A Argentina entrou numa nova fase de luta sociopolítica. O que começou com uma greve nacional da Associação dos Trabalhadores do Estado (ATE) — que alcançou mais de 90% de participação — tornou-se na primeira grande manifestação de protestos de rua contra a reforma laboral impulsionada pelo governo e contra o acordo economico e político com os Estados Unidos .

O protesto aconteceu numa ofensiva do governo Milei: a ministra da Segurança, Patricia Bullrich, apresentou uma queixa-crime contra o secretário-geral da ATE, Rodolfo Aguiar, por “ameaças à ordem constitucional”.

Longe de se intimidar, o líder sindical respondeu que “se tivermos que ir às ruas no Natal e no Ano Novo para impedir a reforma, iremos ”, estabelecendo uma narrativa de resistência prolongada.

A greve afetou hospitais, alfândegas, Senasa, transportes, agências de previdência social e pensões, mídia pública, imigração, controladores de tráfego aéreo e agências estratégicas como a Administração Nacional de Aviação Civil (ANAC), o Instituto Nacional de Serviços Sociais para Aposentados e Pensionistas (PAMI) e a Administração Nacional de Seguridade Social (ANSES), que atenderam apenas emergências.

Aguiar denunciou o fato de os salários terem sido dizimados durante  quase dois anos , de múltiplos empregos terem se tornado a norma e de milhares de funcionários públicos terem caído abaixo da linha da pobreza . "Eles querem nos convencer a esperar, mas todos nós sabemos para onde essa reforma está caminhando", afirmou.

A greve da ATE estava intrinsecamente ligada a um apelo mais amplo: a resistência contra a reforma e o acordo com os Estados Unidos , que vários movimentos sociais caracterizam como um pacto colonial atrelado ao novo alinhamento geopolítico do governo argentino com Washington.

Numa sessão plenária com mais de 3.000 delegados da Frente de Luta Piqueteira , reunidos no Parque Lezama, decidiram marchar até a Praça de Maio ao lado das organizações de reformados que protestam contra as medidas de austeridade todas as quartas-feiras.

Lá, aprovaram um documento unificado: “A ofensiva antioperária e antipopular do governo não visa à criação de empregos: busca eliminar conquistas históricas e reduzir o custo da pilhagem ”, declararam.

Reformados, vítimas frequentes da repressão ordenada por Bullrich, convocaram um dia de ação “ anti-imperialista ” contra o que definem como “traição e medidas de austeridade” do acordo com Trump.

“É um pacto entre o governo e o Tesouro dos EUA”, denunciaram.

O líder da ATE deixou claro que a resistência não se resume apenas aos salários: ela visa as implicações geopolíticas e economicas da reforma laboral  no novo quadro bilateral com Washington.

Trabalhar mais por menos para diminuir os custos dessa pilhagem. Sem greves e mobilização, não vamos impedi-la ”, afirmou.

Além disso, ele alertou sobre a entrada de apoiantes de La Libertad Avanza em cargos governamentais bem remunerados , enquanto demissões, empregos precários e congelamento de salários continuam na base da pirâmide trabalhista.

Sua mensagem também teve como alvo a CGT e setores do movimento peronista mais moderado: "Aqueles que dizem que devemos esperar até 10 de dezembro estão fazendo o jogo do governo e dos grandes grupos empresariais."

O ministro Bullrich apresentou uma queixa-crime por “ameaças”, enquanto o partido no poder promove a ideia de que o protesto é “desestabilizador”.

Aguiar afirmou que “a ignorância daqueles que nos chamam de golpistas é preocupante. Um golpe é governar fora da Constituição. O direito à greve é inviolável”

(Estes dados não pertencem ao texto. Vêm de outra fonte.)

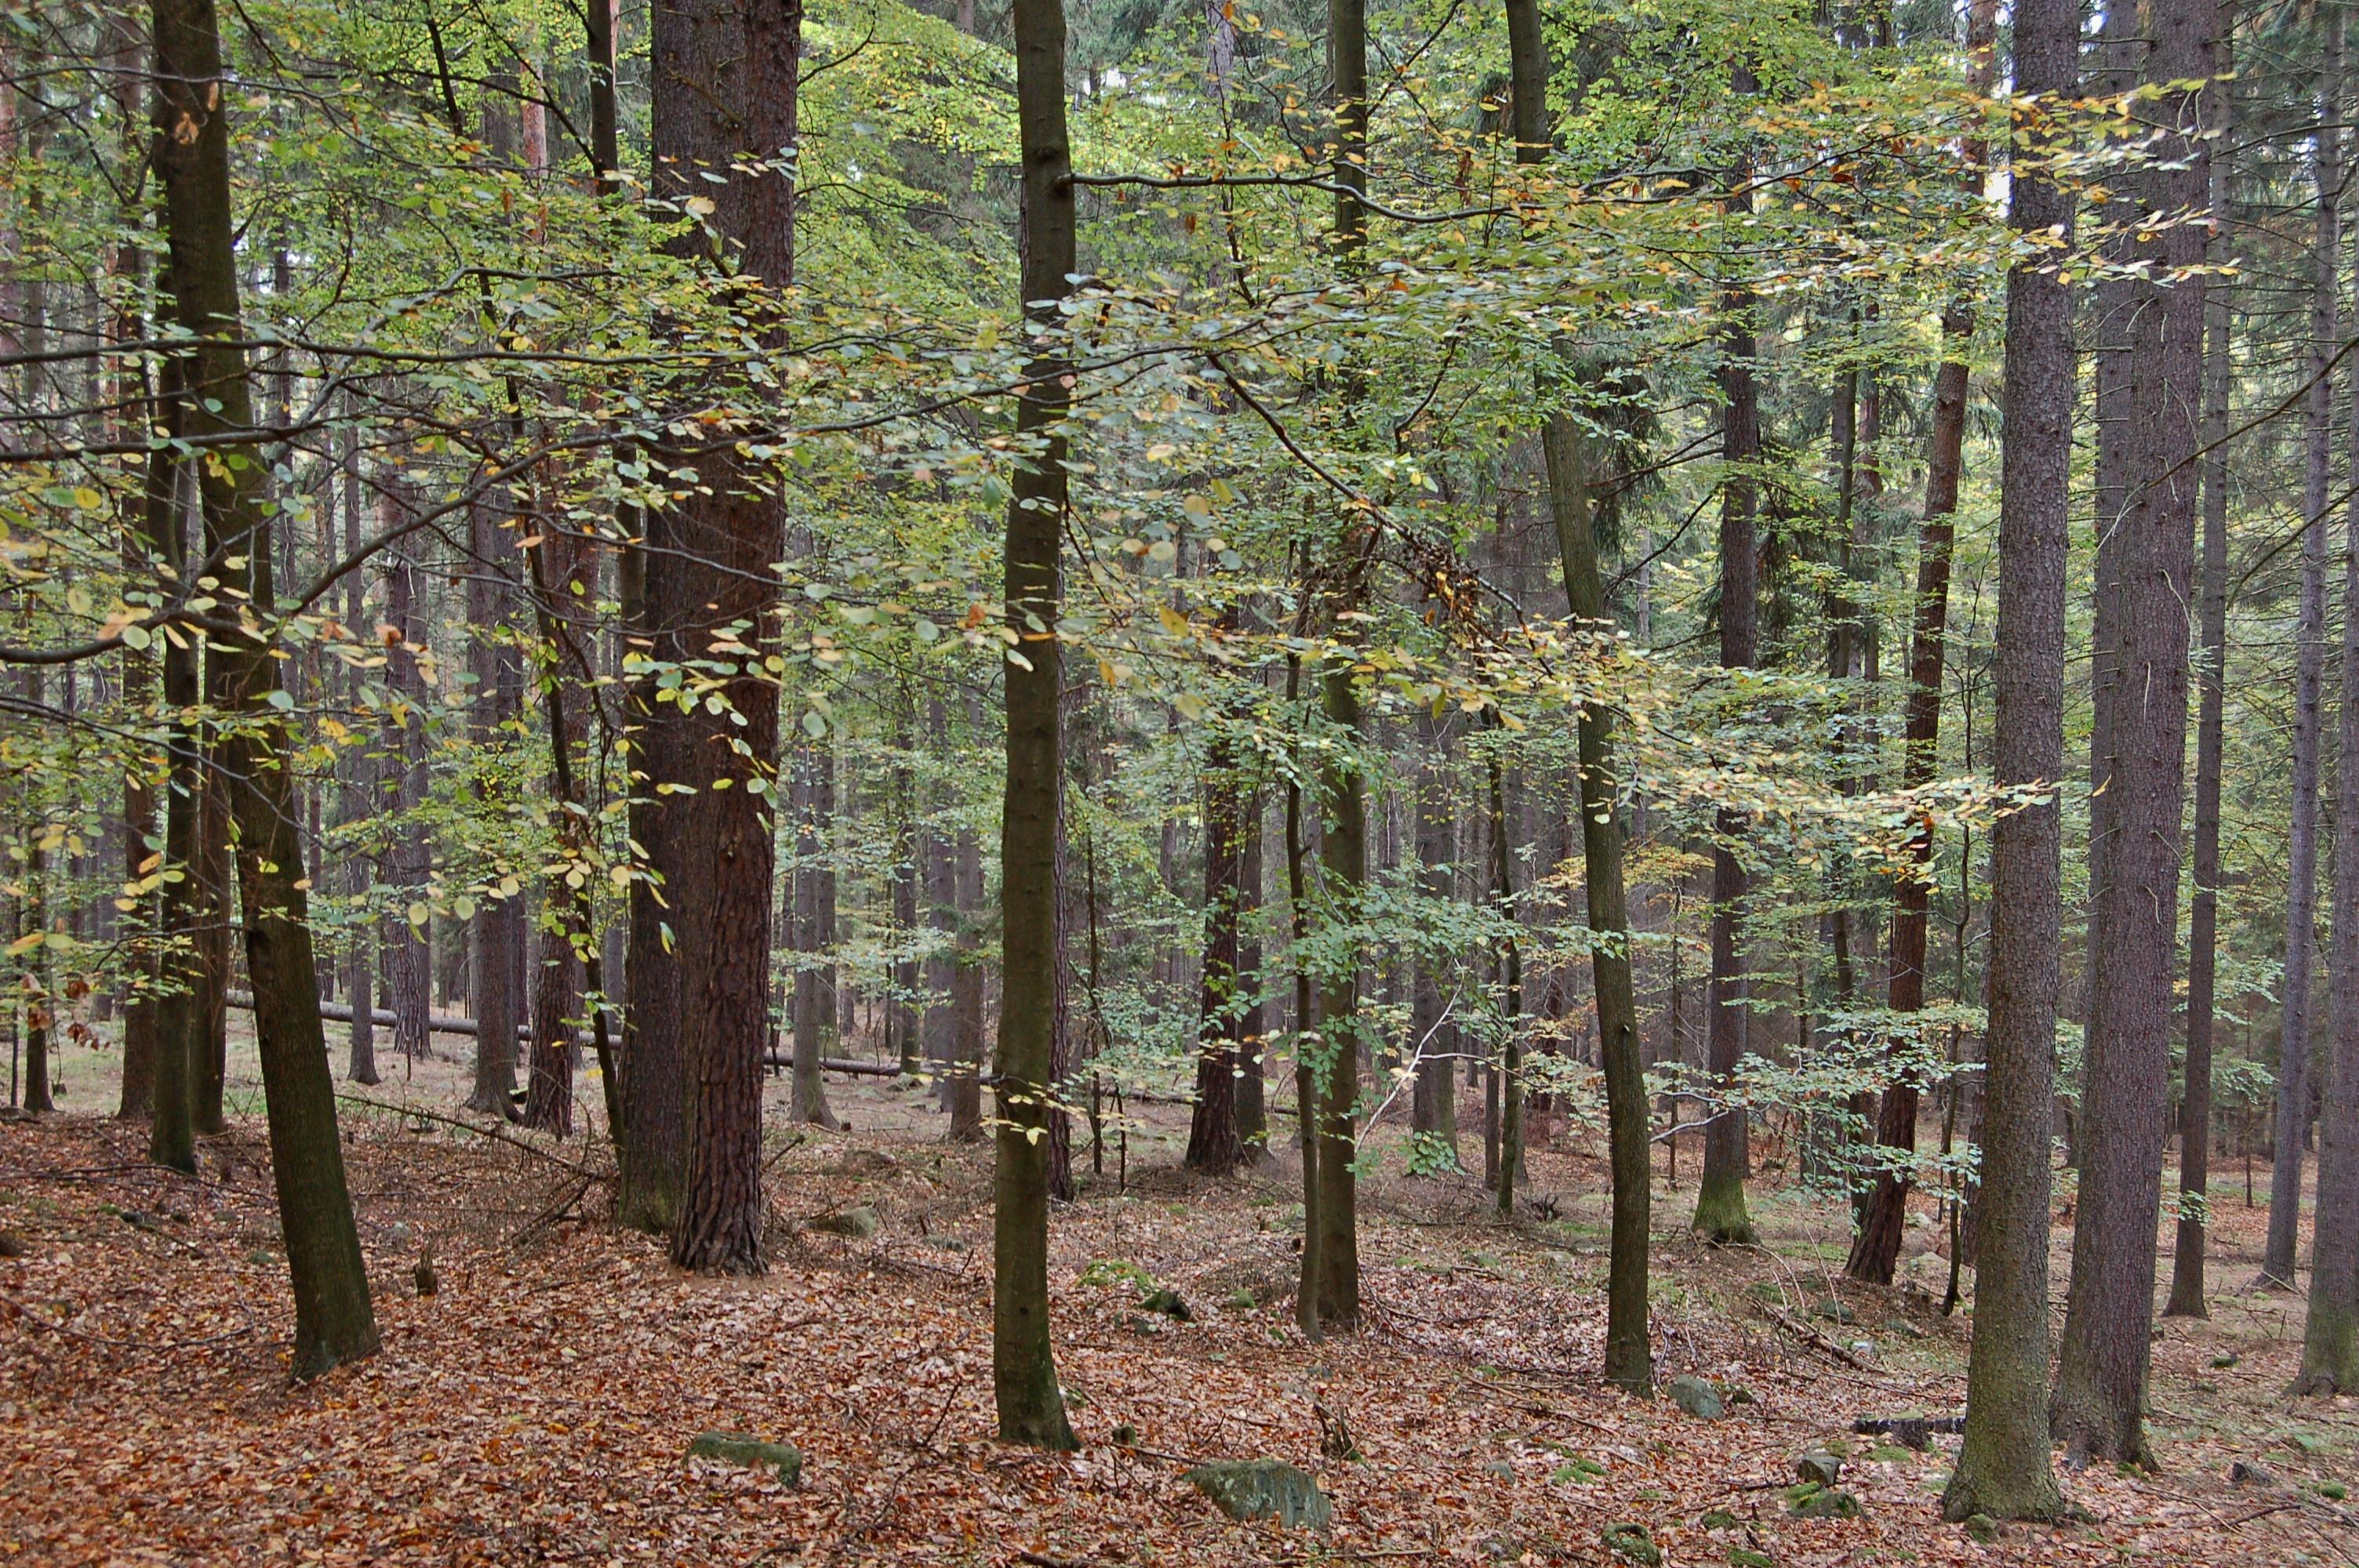 Kořeny buku mohou chránit smrky před suchem

Enquanto isso, reformados  e manifestantes lembram que o governo já reprimiu diversas manifestações anteriores e denunciam o "intervencionismo direto do imperialismo na Argentina".

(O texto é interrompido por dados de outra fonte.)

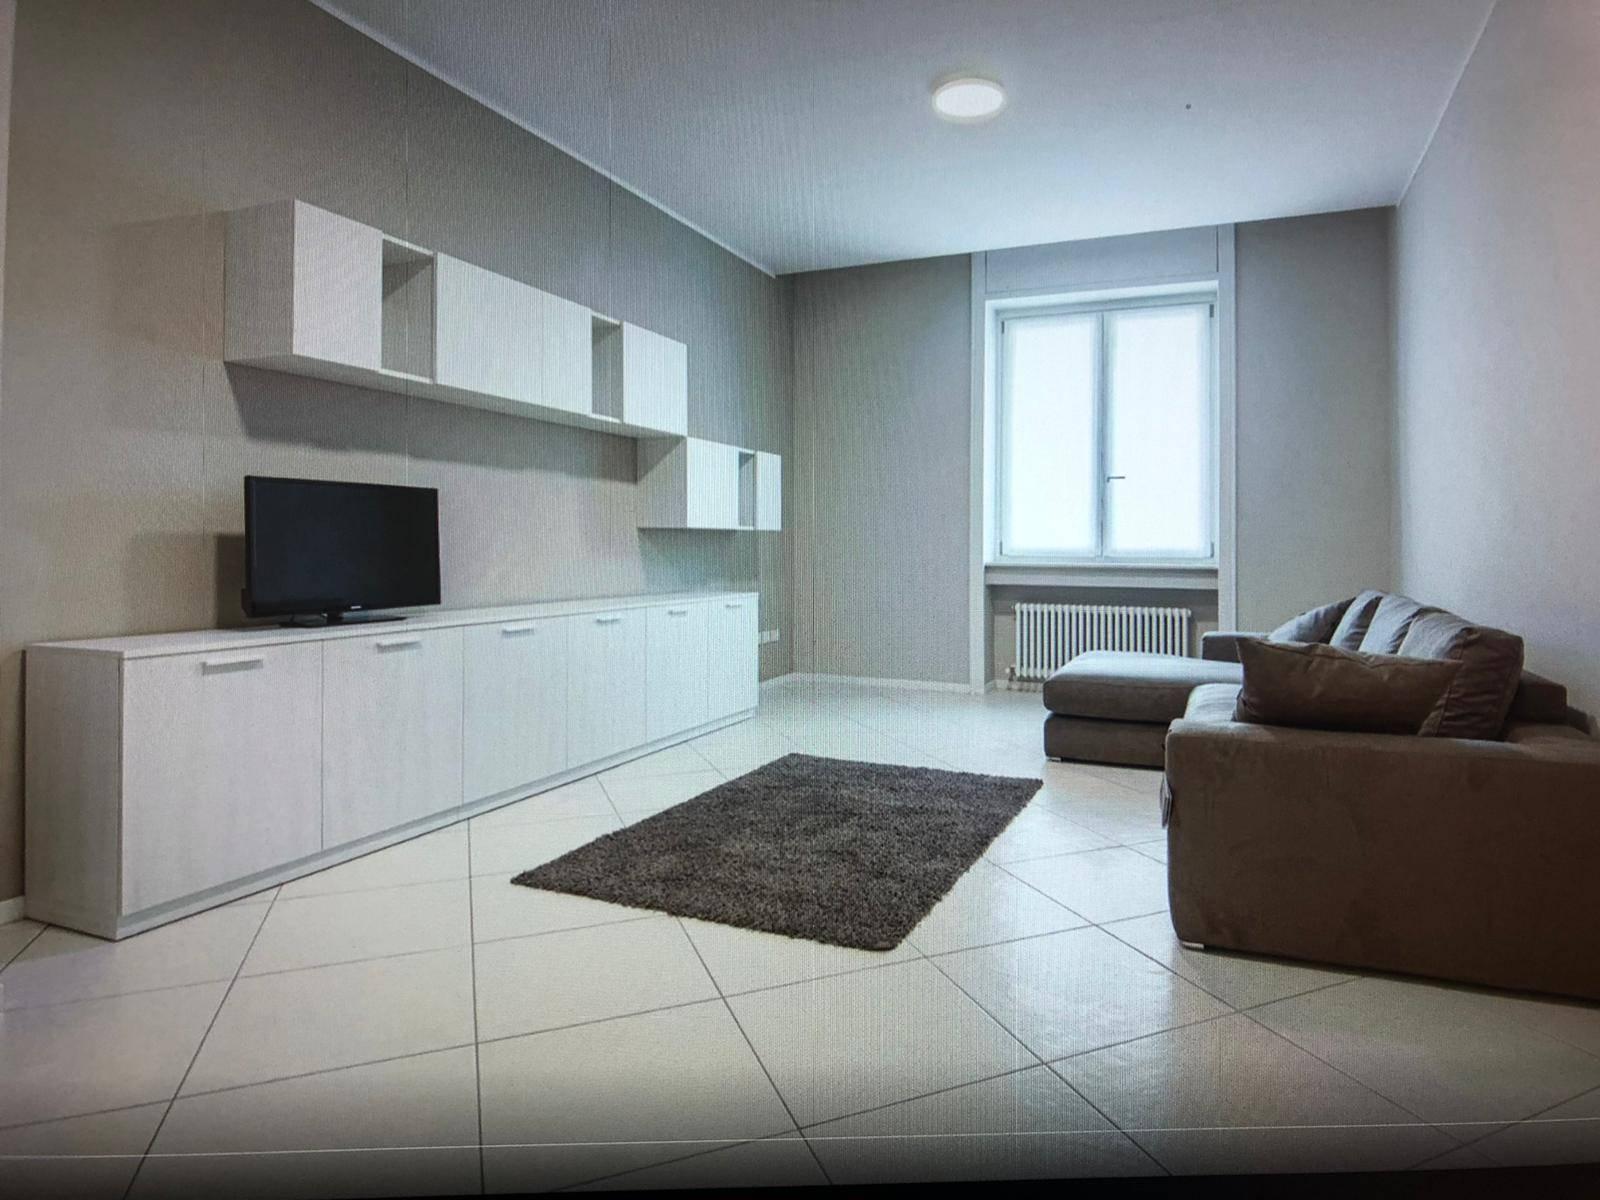 Appartamento in affitto a Mantova, 3 locali, zona Zona: Centro storico, prezzo € 480 | CambioCasa.it

A Frente de Luta Piquetero já colocou em prática um plano faseado, começando com um comício no Obelisco em 13 de novembro, seguido por uma mobilização unificada esta semana.

Haverá também uma marcha de todas as organizações sociais no início de dezembro e uma grande mobilização em 20 de dezembro , aniversário do Argentinazo.